A really weird convention for defining the GDT in assembly is used.\
- First, we define the null descriptor, this is just 8 bytes of zeros. This padding is done for no reason.
- Then we define the code and data segments with the values we got earlier.
gdt_begin:
null_descriptor:
; this is just a padding added
times 8 db 0
code_descriptor:
; data we have to put together
; - base pointer: 0b 00000000 00000000 00000000 00000000 (32 bits)
; - limit: 0b 1111 1111 1111 1111 1111 (0xfffff, 20 bits)
; - present, priviledge, type: 0b1001
; - type flags: 0b1010
; - other flags: 0b1100
; here the values break down and assemble in the following fashion
dw 0xffff ; first 16 bits of the limit
times 3 db 0 ; first 24 bits of the base pointer
db 0b1001 ; present, priviledge, type
db 0b1010 ; type flags
db 0b1100 ; other flags
db 0xf ; rest 4 bits of the limit
times 1 db 0 ; rest 8 bits of the limit
data_descriptor:
; data we have to put together
; - base pointer: 0b 00000000 00000000 00000000 00000000 (32 bits)
; - limit: 0b 1111 1111 1111 1111 1111 (0xfffff, 20 bits)
; - present, priviledge, type: 0b1001
; - type flags: 0b0010
; - other flags: 0b1100
; here the values break down and assemble in the following fashion
dw 0xffff ; first 16 bits of the limit
times 3 db 0 ; first 24 bits of the base pointer
db 0b1001 ; present, priviledge, type
db 0b0010 ; type flags
db 0b1100 ; other flags
db 0xf ; rest 4 bits of the limit
times 1 db 0 ; rest 8 bits of the limit
gdt_end:
Finally we can define the descriptor with labels
gdt_descriptor:
; this will contain the size first then the start of the GDT
dw gdt_begin - gdt_end - 1 ; size
dd gdt_begin ; start
; define the position of the code and data segments with respect to the gdt_begin
; equ is used to define constants
CODE_SEGMENT equ code_descriptor - gdt_begin
DATA_SEGMENT equ data_descriptor - gdt_begin
The first thing we have to do is disable interrupts using the cli (clear interrupt)
instruction, which means the CPU will simply ignore any future interrupts that may
happen, at least until interrupts are later enabled.
Then we tell the CPU about the GDT by running the lgdt
(load GDT) command.
To make the switch to protected mode we set the last bit of the control register to 1.
cli ; clear all the interrrupts
lgdt [gdt_descriptor]
; indirectly changing the last bit of cr0 to 1
mov eax, cr0
or eax, 0x1
mov cr0, eax
Finally we can jump to 32 bit protected mode by performing a far jump.
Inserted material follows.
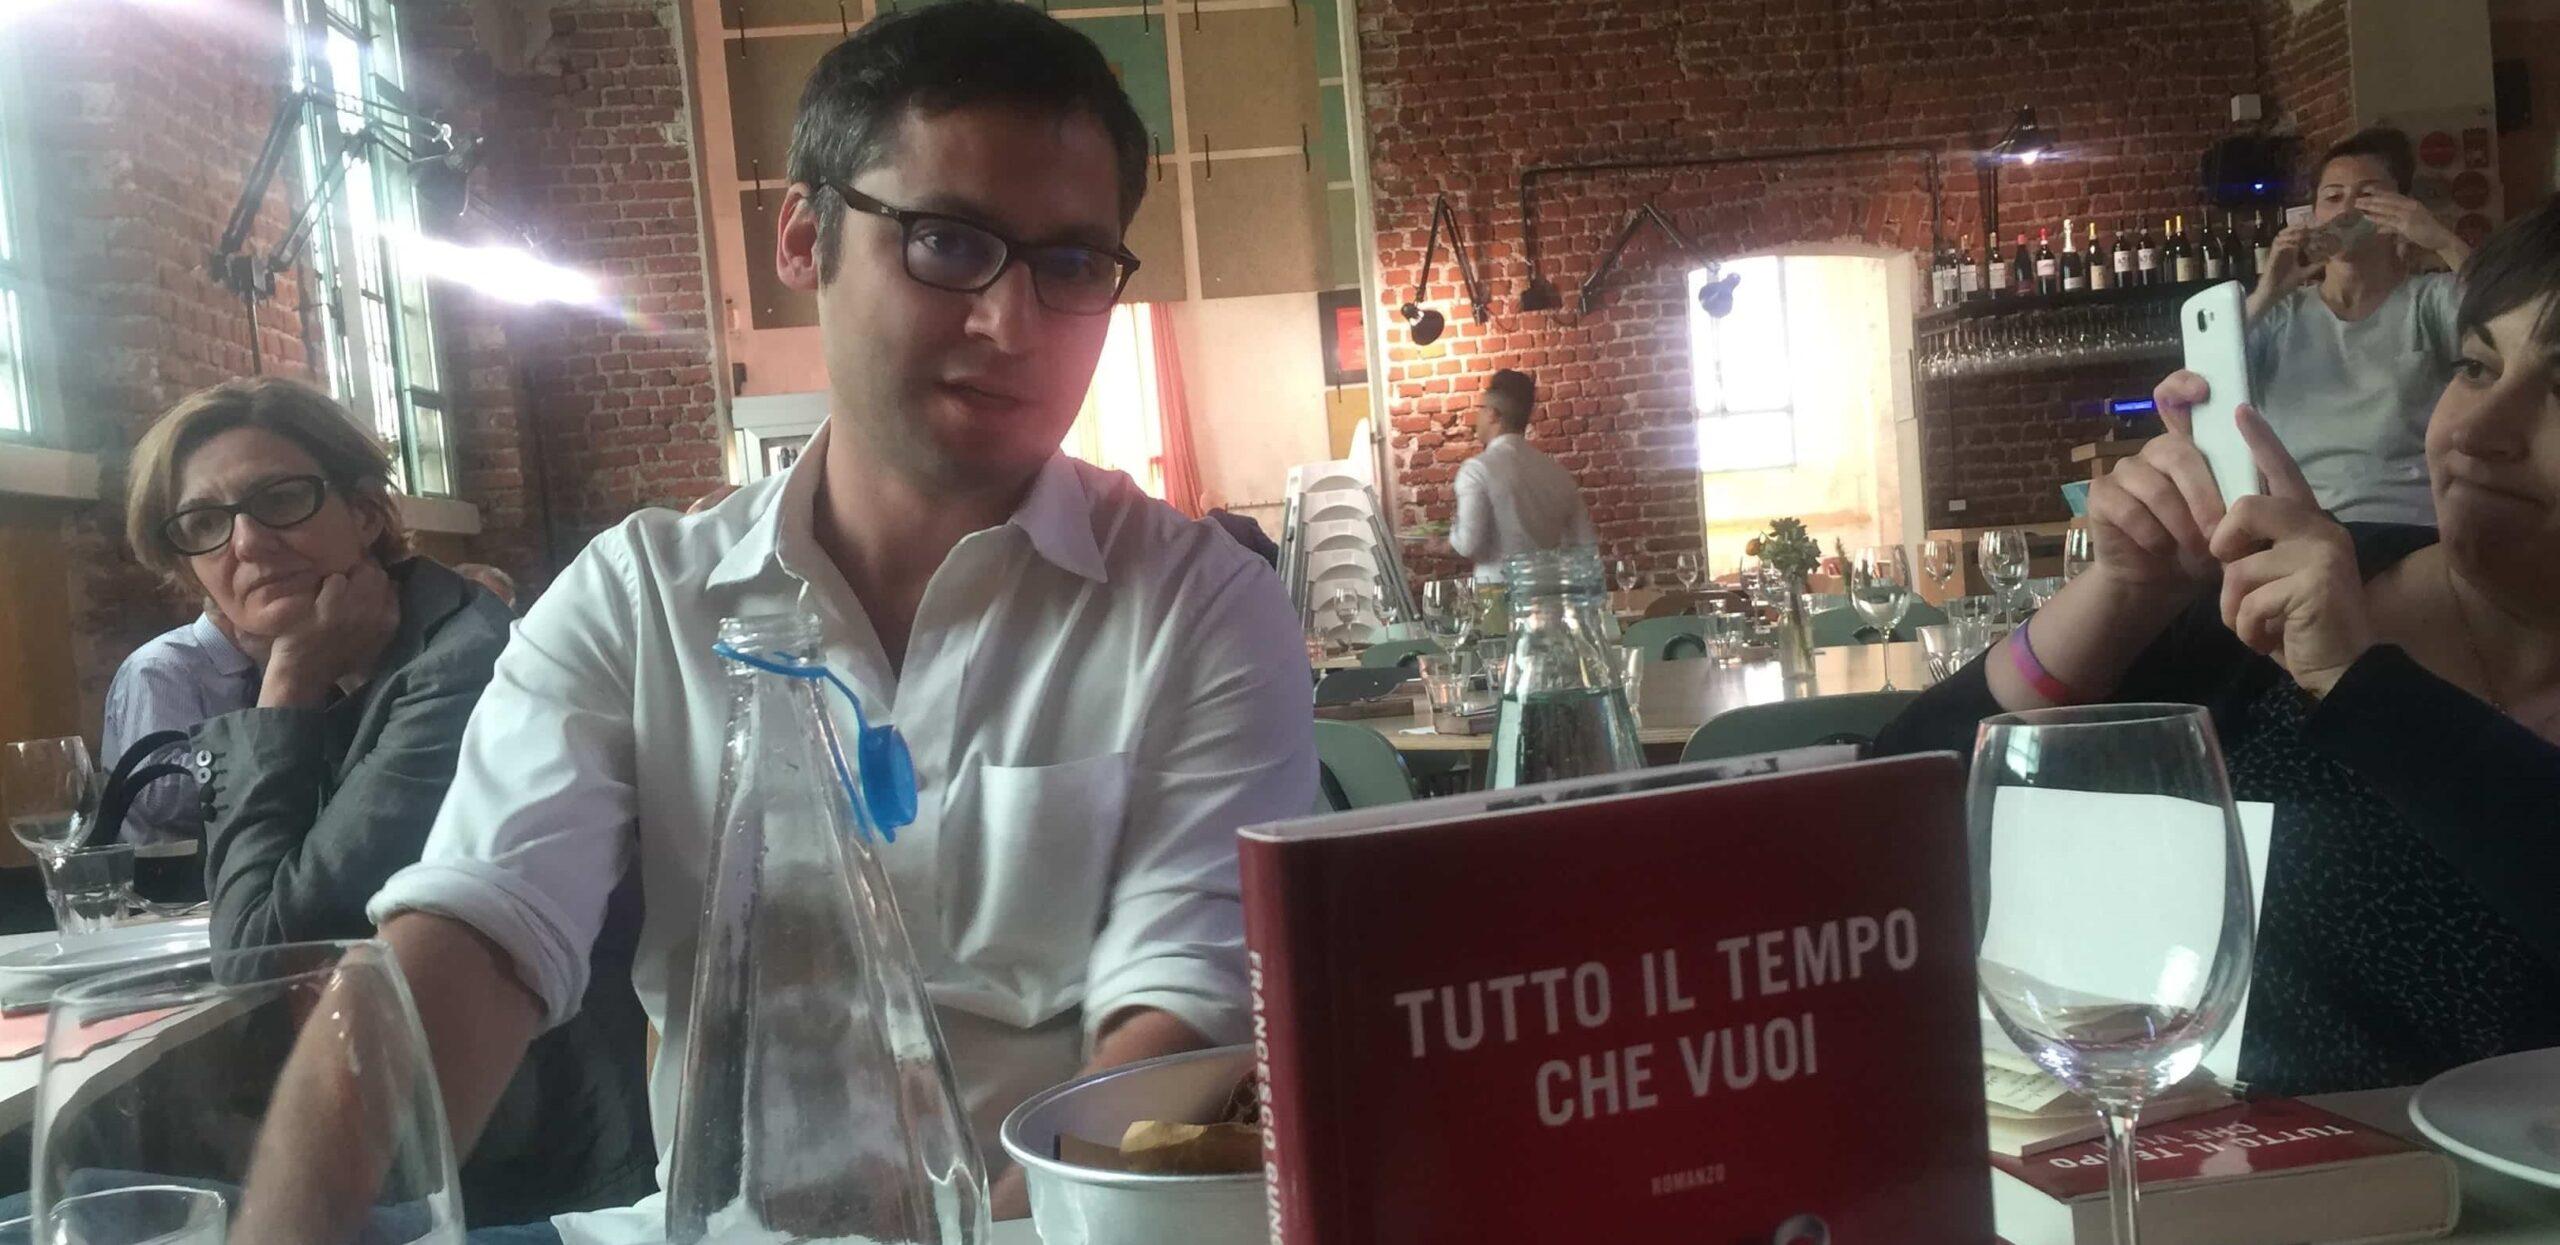 Intervista a Francesco Gungui – Tutto il tempo che vuoi

jmp CODE_SEGMENT:protected_mode_main
.
.
.
.
protected_mode_main:
jpm $ ; infinite loop at the start of the main function in protected mode
Now that we have entered the 32 bit mode we can use COLORS to print onto the screen. We utilise the
prebuilt VGA to display characters on the screen.
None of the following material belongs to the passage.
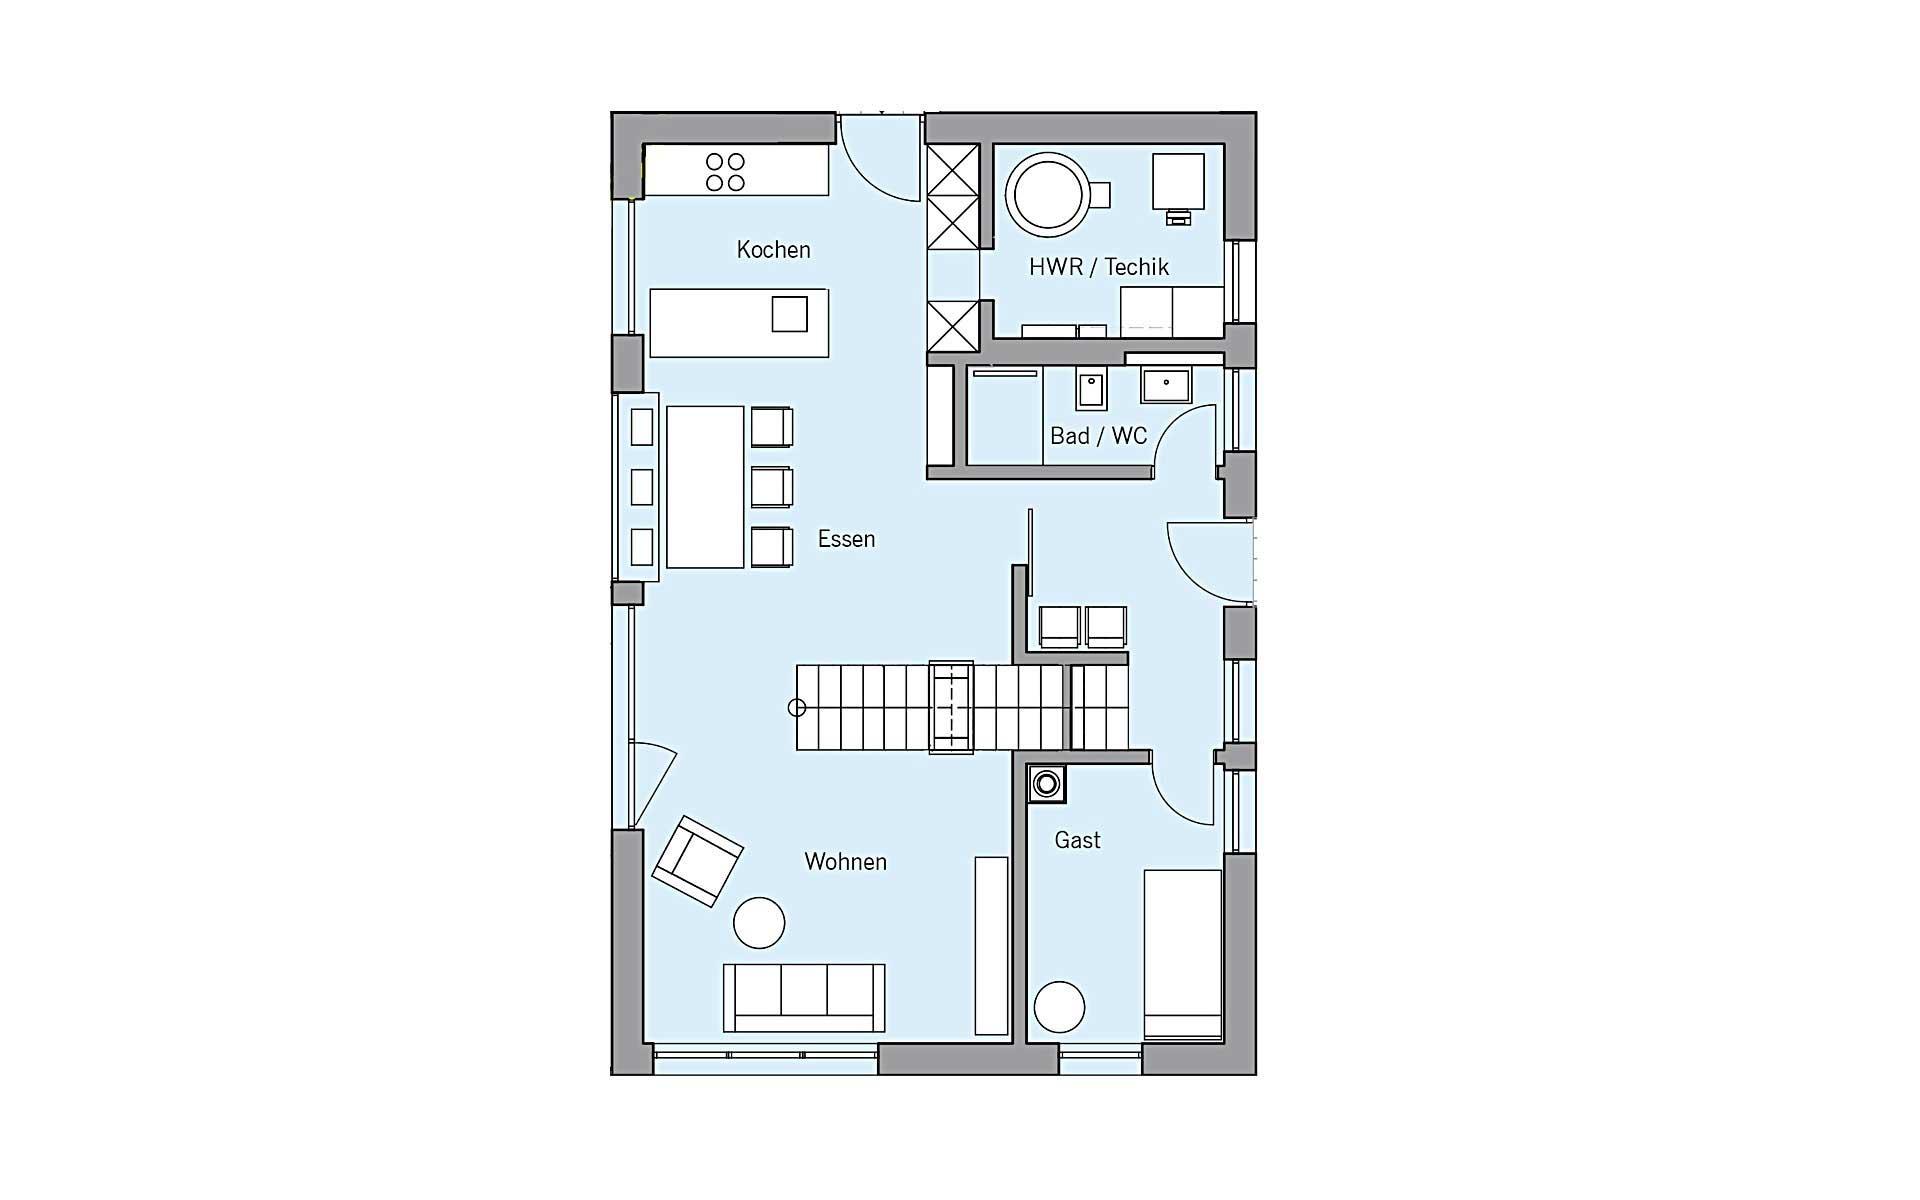 Erdgeschoss Remiger von Bau-Fritz GmbH & Co. KG, seit 1896

First the Video memory address is defined as 0xb8000
. This is where teh first character is printed
after which the next character is printed at 0xb8002
, this is because each character is 2 bytes
long.
[bits 32]
VIDEO_MEMORY equ 0xb8000
COLOR_CODE equ 0x60 ; black on orange
pm_print:
pusha
mov edx, VIDEO_MEMORY
.pm_print_loop:
mov al, [ebx] ; ebx points to the character we want to print
cmp al, 0x0
je .pm_print_done
mov ah, COLOR_CODE ; printing colors
; now ax contains information about what character to print and in what color
mov [edx], ax ; move the character
inc ebx
add edx, 2
jmp .pm_print_loop
.pm_print_done:
popa
ret
protected_mode_main:
mov ebx, pm_message
call pm_print
jmp $ ; infinite loop at the start of the main function in protected mode
pm_message:
db "Hello World!!", 0
Now we define at what address the kernel starts.
KERNEL_LOCATION equ 0x1000
Since the kernel cannot fit into the first sector of the disk, will have to load more sectors into the memory.